In the entries below, find the line with "充满 爱心 巴黎 铁塔 气球 雨伞 矢量图 其他矢量图" and the line with "Tonewood Brewing's Fuego", then retype both and everything between them exactly. Do not copy the pictures.

### [Provided records]
═══

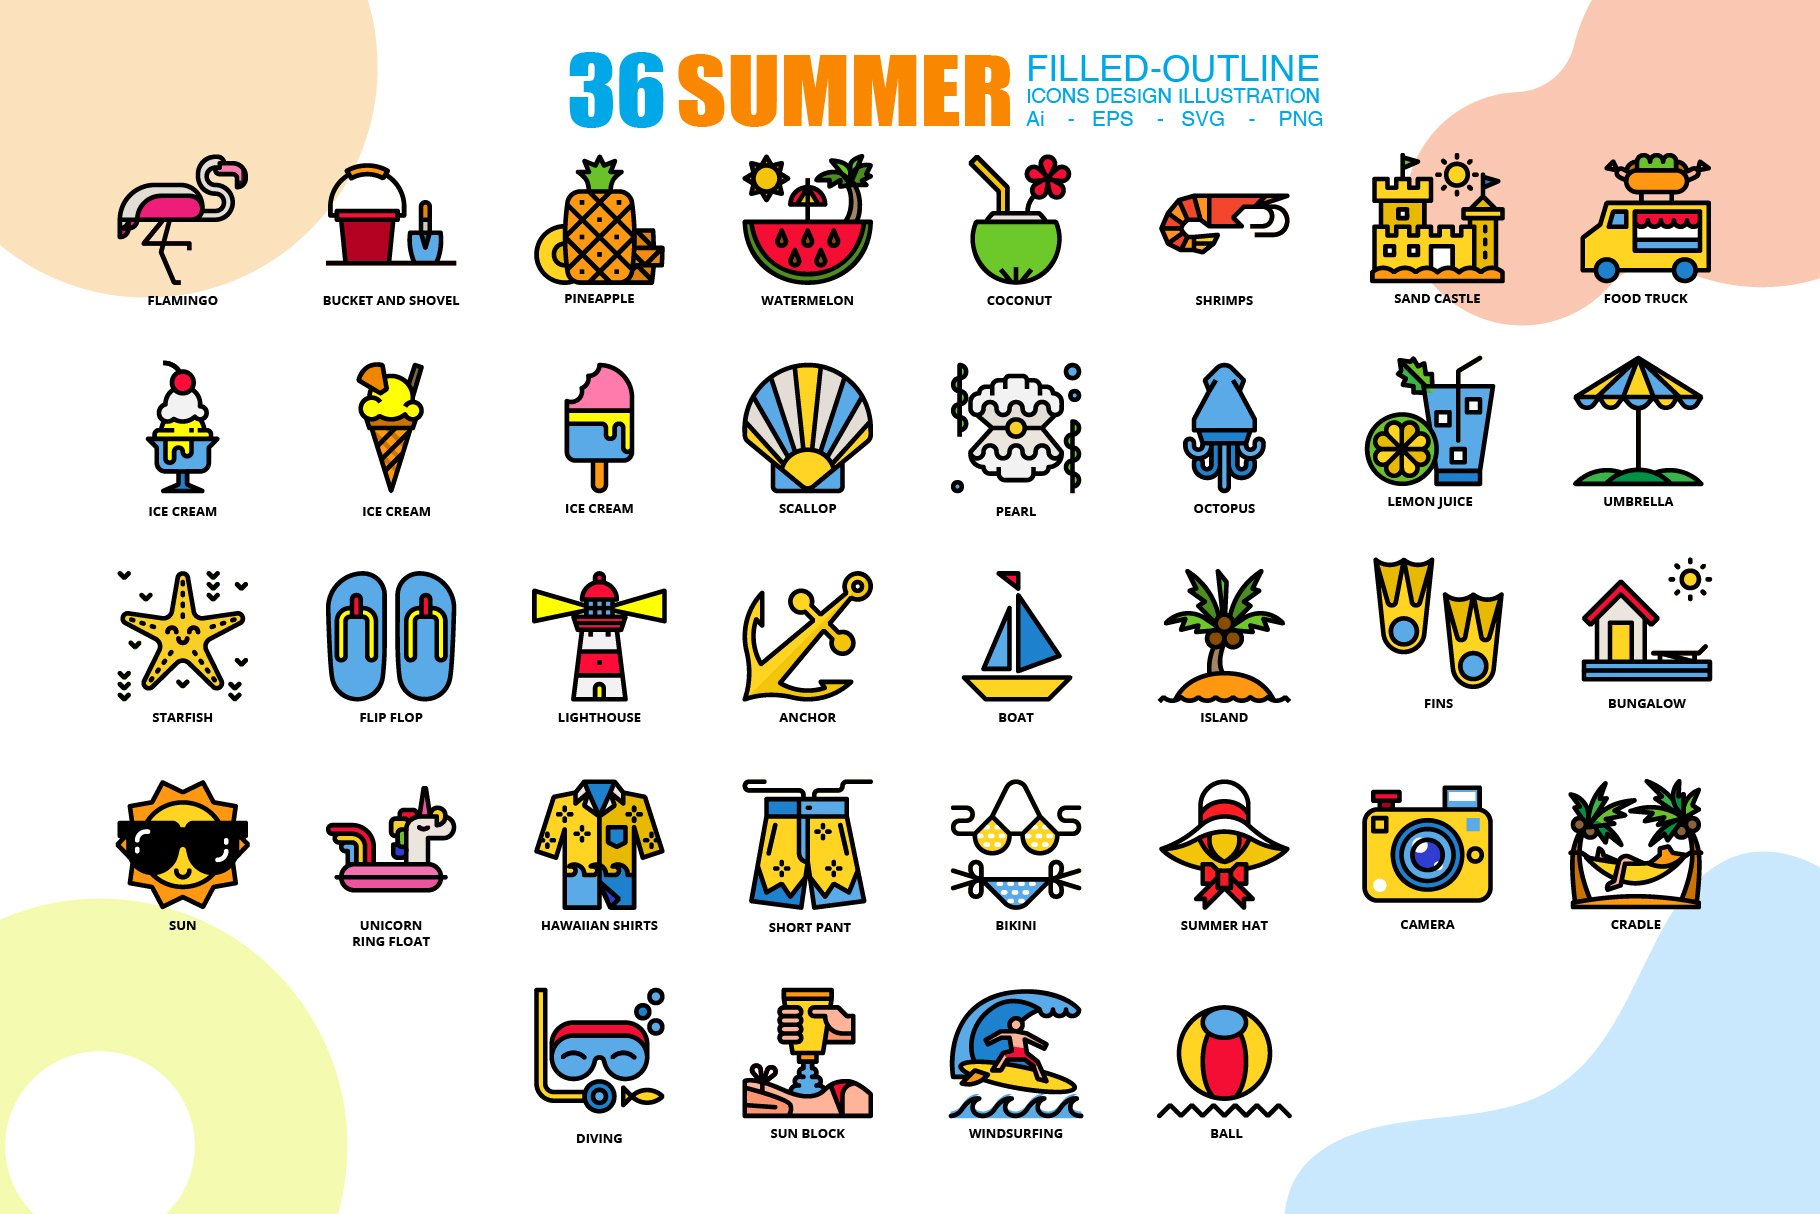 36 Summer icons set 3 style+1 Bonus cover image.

═══

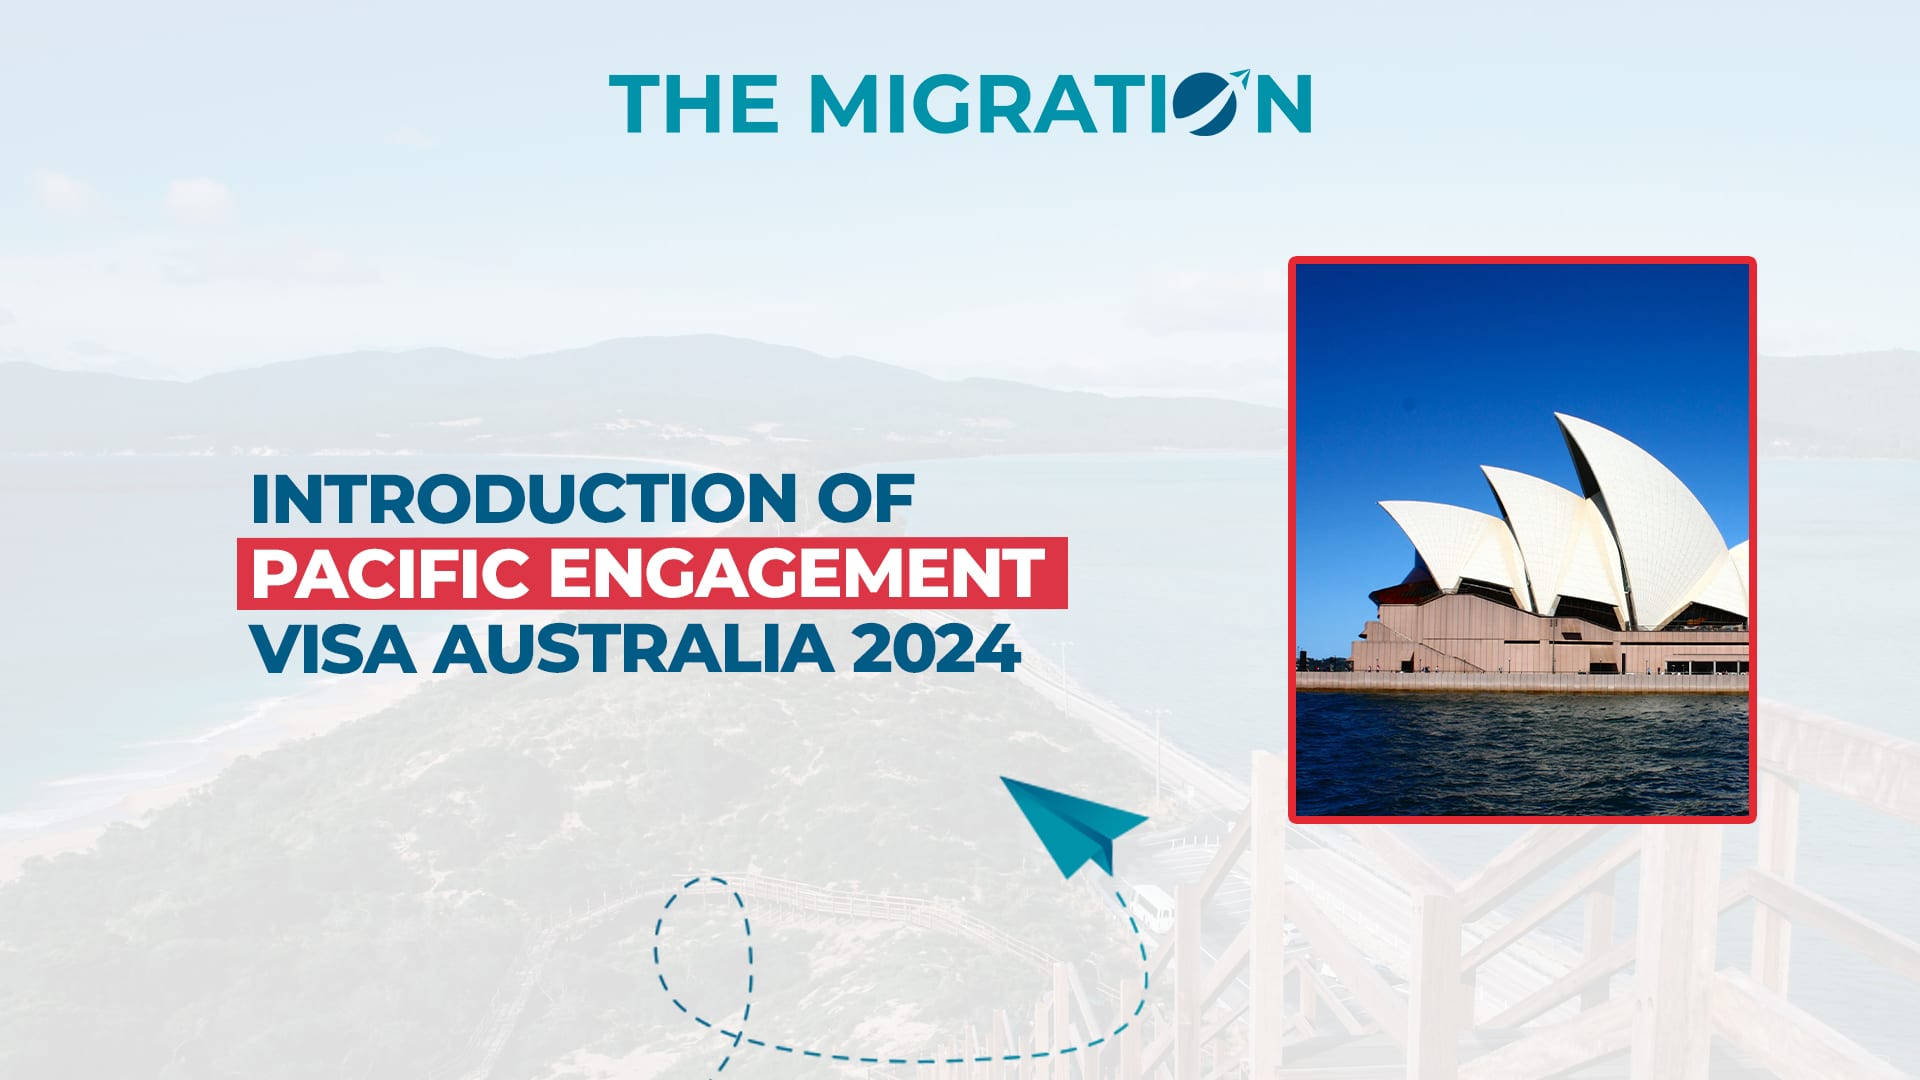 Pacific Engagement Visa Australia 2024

═══

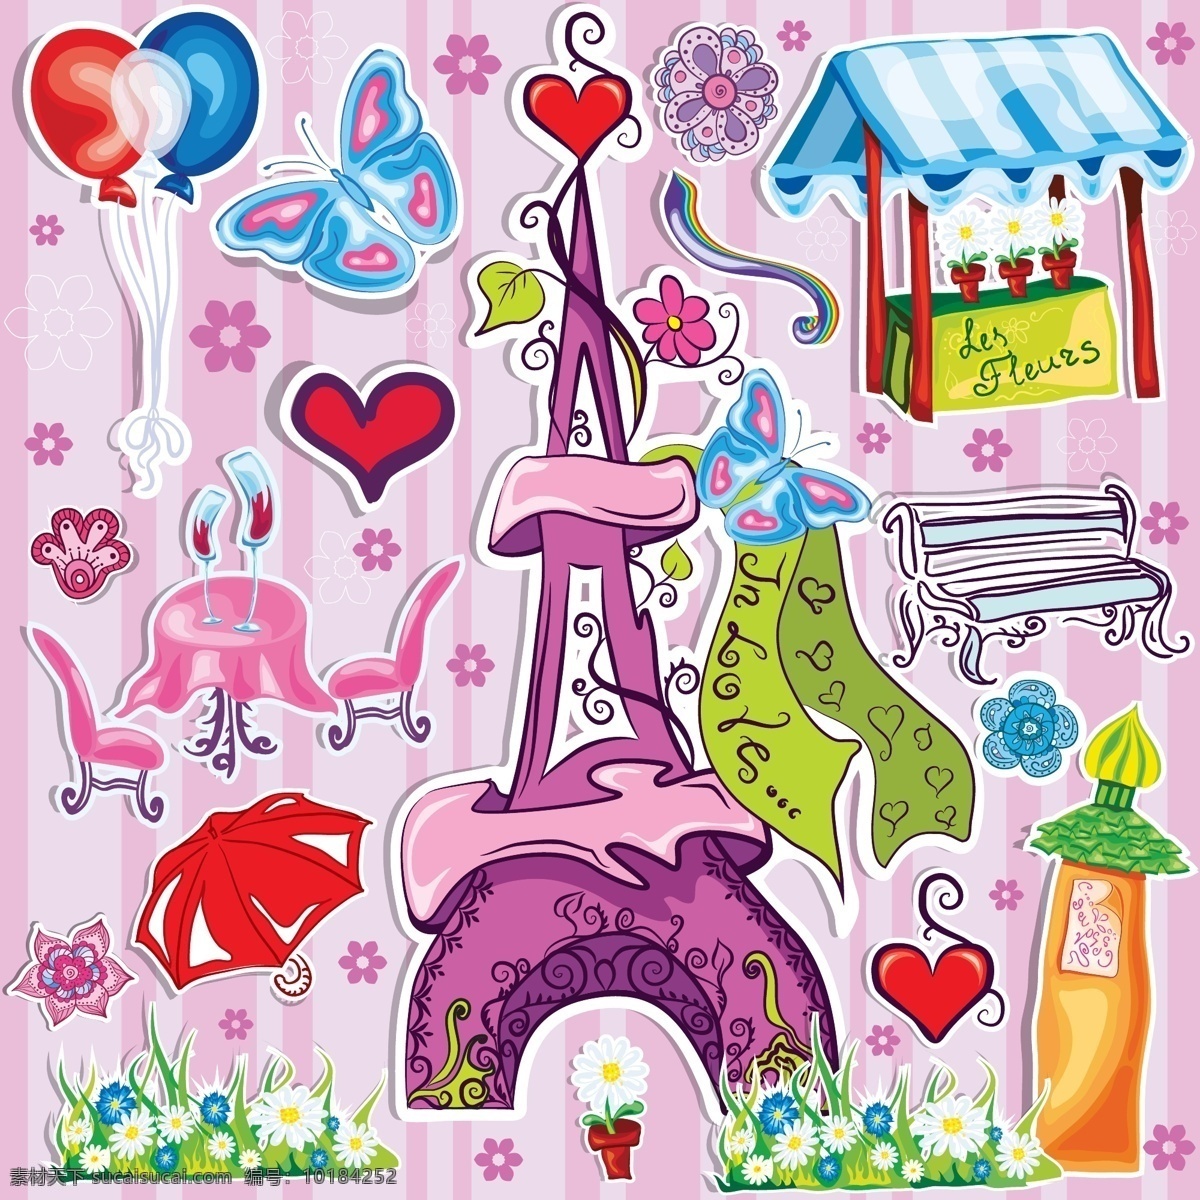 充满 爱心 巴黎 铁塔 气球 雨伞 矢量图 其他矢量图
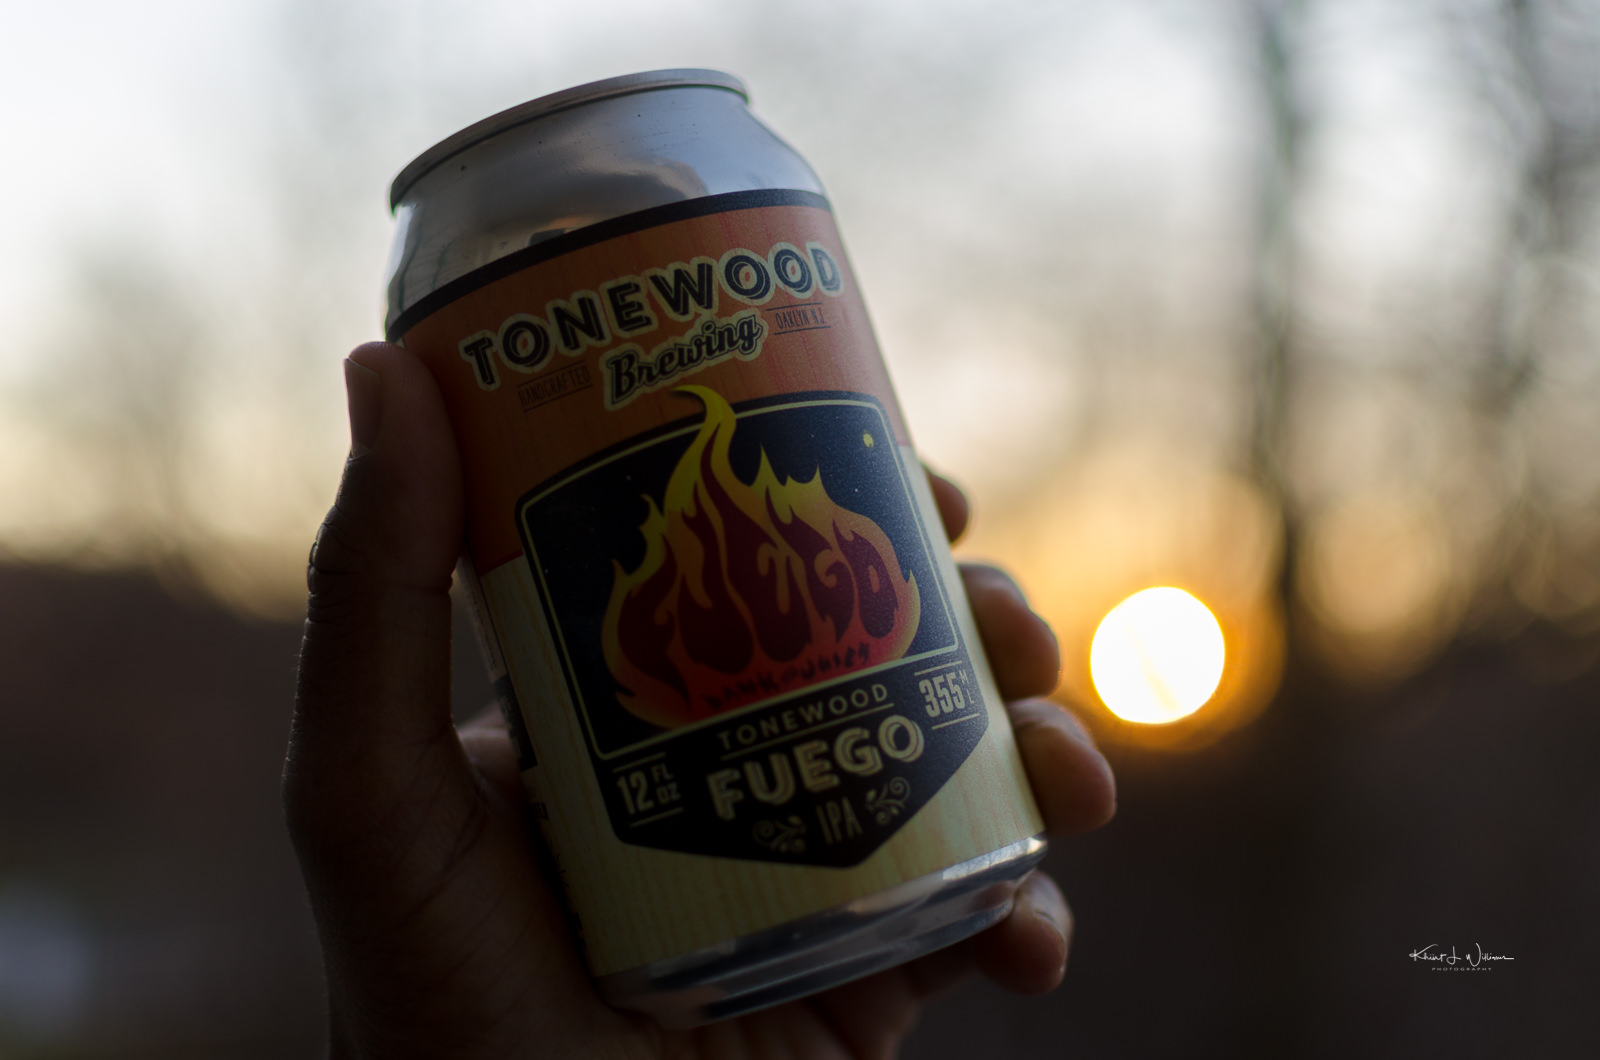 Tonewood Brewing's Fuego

═══

### [Your solution]
 充满 爱心 巴黎 铁塔 气球 雨伞 矢量图 其他矢量图
 Tonewood Brewing's Fuego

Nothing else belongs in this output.